Judge D W Deshpande, who held the 49-year-old actor guilty of “all charges”, including driving under influence of liquor and not possessing a driving licence, pronounced the sentence after a 45-minute adjournment of the proceedings.
A big crowd, mostly of Salman’s fans, thronged around the court located in Fort area of south Mumbai.
The actor, who had fought back tears after being convicted, looked calm and composed as the judgement was read out to him in the presence of his close family members.
The superstar’s brothers Arbaaz and Sohail and sister Arpita were present in the court on the judgement day, which came after a long drawn legal process.
Dressed in a white shirt and blue jeans, the actor arrived in the jam-packed courtroom minutes before the proceedings began in the morning.

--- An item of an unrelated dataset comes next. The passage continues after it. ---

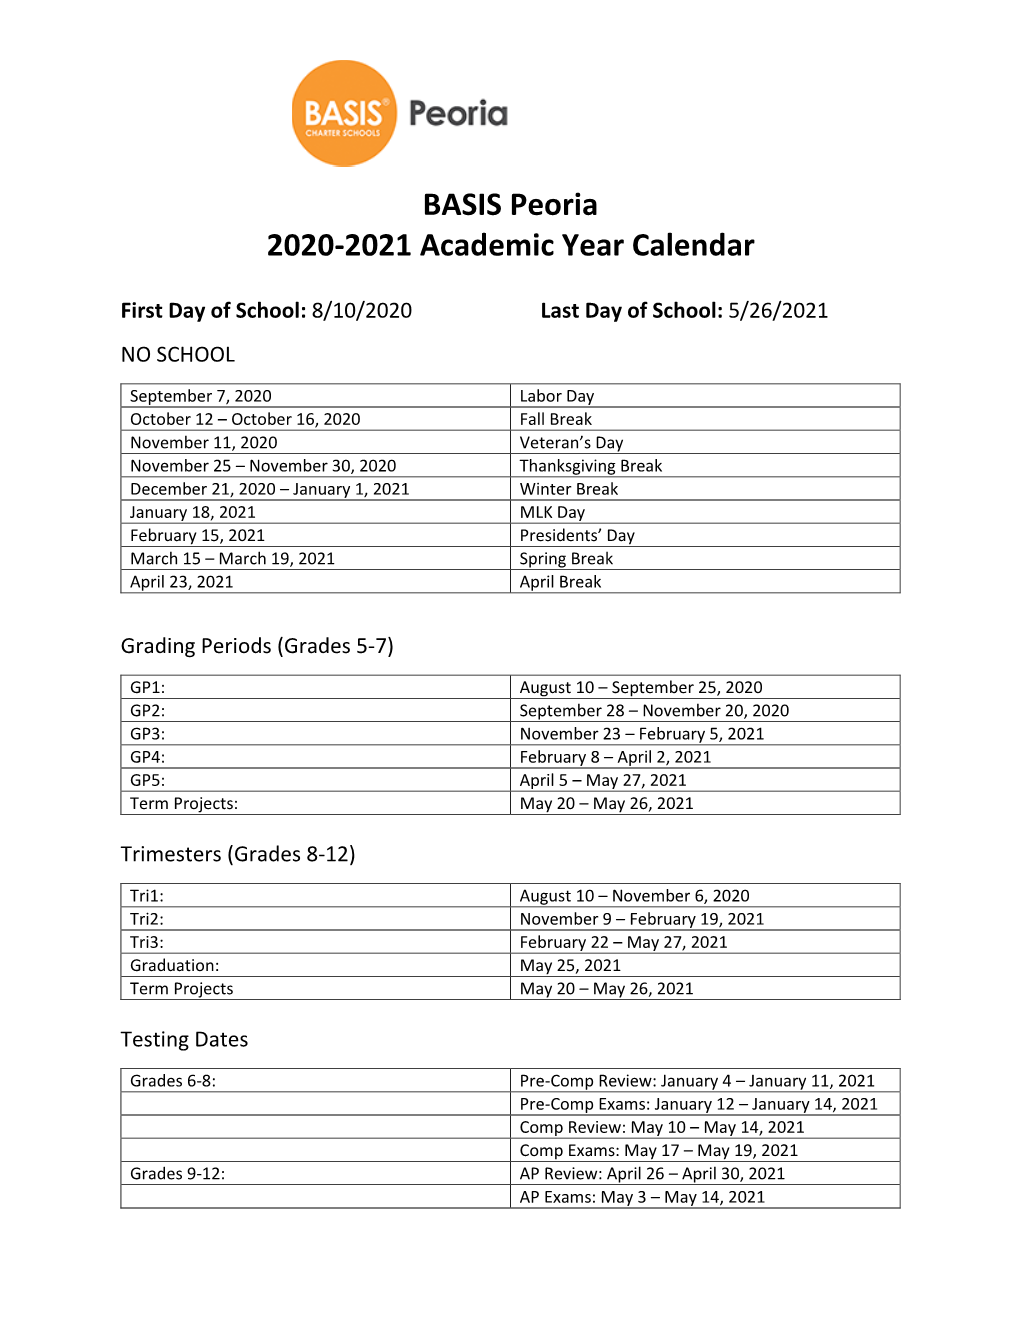 BASIS Peoria School Calendar

Sessions court judge D W Deshpande ruled “all charges” against the actor have been proved, including the stringent charge of culpable homicide not amounting to murder, besides various other offences, including rash and negligent driving and driving under influence of liquor.
The judge held that the actor also did not have a driving licence. The prosecution had alleged that Khan was driving without holding a licence and, to buttress its charge, produced RTO records to show that the actor had procured a licence only in 2004, two years after the tragedy.
The court, while pronouncing the judgement, drew parallels with the Alistair Pereira and Sanjeev Nanda BMW cases.
Asked if he had to say anything about the verdict, Salman denied the charge that he was driving the vehicle at the time of the accident.
Salman had earlier been tried for the lesser offence of causing death by rash and negligent driving which attracts a lighter punishment of imprisonment upto two years.
After examining several witnesses, a Bandra Metropolitan Magistrate had called off the trial midway in 2012 and slapped the serious charge of culpable homicide against the actor before committing the matter to the sessions court.
The court, while convicting the hugely popular actor, upheld the prosecution’s contention that he was at the wheel when his Toyota Land Cruiser ran over five people sleeping on the pavement outside American Express bakery in suburban Bandra, killing one person and wounding four.